Now THAT’s an “all-digital FDLP”!
James A. Jacobs, University of California San Diego
James R. Jacobs, Stanford University
This work is licensed under a Creative Commons Attribution-NonCommercial-ShareAlike 4.0 International License.
please send this statement to every member of the Joint Committee on Printing, the Librarian of Congress, Archivist of the US and head of OMB. I do not think they are reading your posts. This is advice needed by the policy makers.
Thanks for your comment Bernadine. I’m sure you know those folks far better than I do. Please feel free to forward to everyone you know who has a say in this critical policy decision about curating and preserving publications and data produced at taxpayer expense.
Thanks for this. You guys have really covered the waterfront with these comments and your earlier post of Apr 2022. What GPO needs is the funding required for the staff and contractor support to implement your recommendations. Congress recently voted to give the Director a 10 year term. Now it needs to give GPO the money it will need to get this job done.
Thanks for the comment Andy. Nice to know that you’re still following in these important policy discussions. Please feel free to send to anyone you know on the Hill. It’s important to know that to do public information right for the long term and to assure free public access funds need to be budgeted. The internet doesn’t have some secret button that presto curates and preserves information.

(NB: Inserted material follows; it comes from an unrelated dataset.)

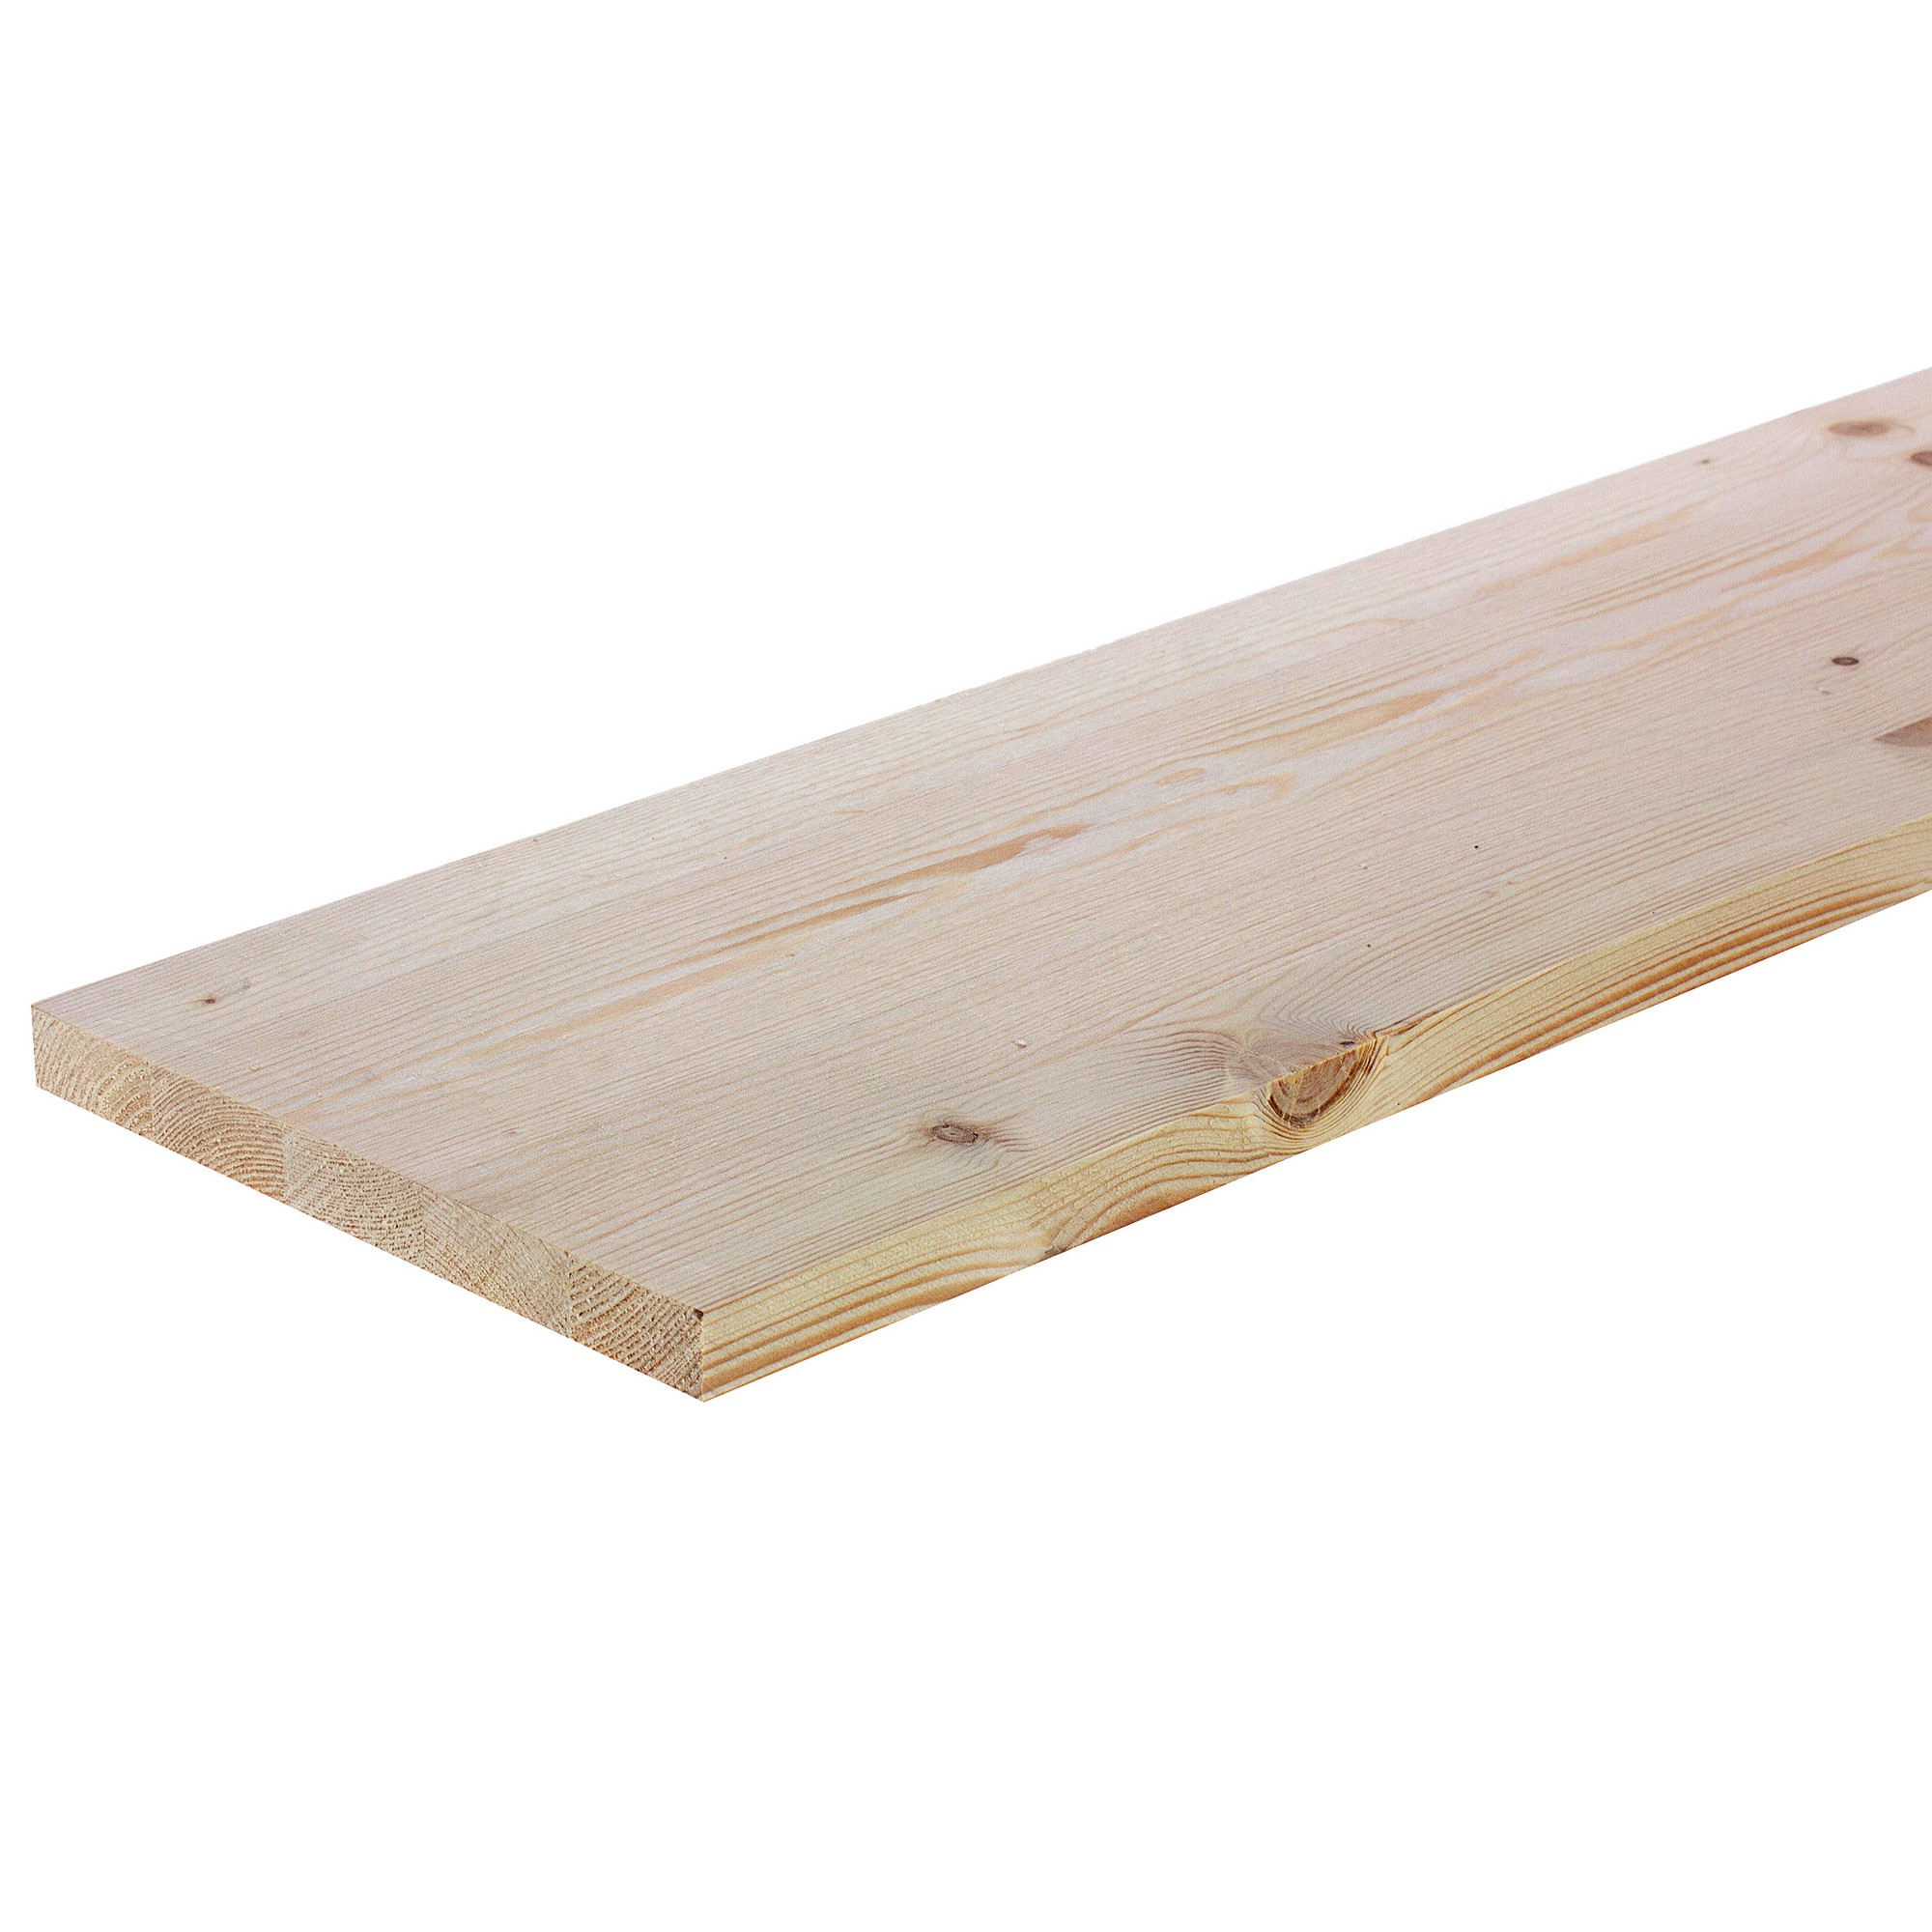 Мебельный щит 1600х200х18 мм хвоя, сорт A/B

I couldn’t agree more. Hopefully the good folks at GPO, including its new SuDocs, will look closely at your recommendations and come up with estimates of the necessary funding that can then be shared with its oversight and appropriations committees.
Hi again Andy. I hope you’ve submitted comments to the draft report for an all-digital FDLP as we have done in our most recent post.
I submitted comments but was unable to save them to my system. I urged that JCP separate office and staff be restored so there is a strong voice in Congress for both digital and paper programs. GPO does not have the clout with the other branches that JCP and could have again.
I also strongly support paper and preservation of paper and digital.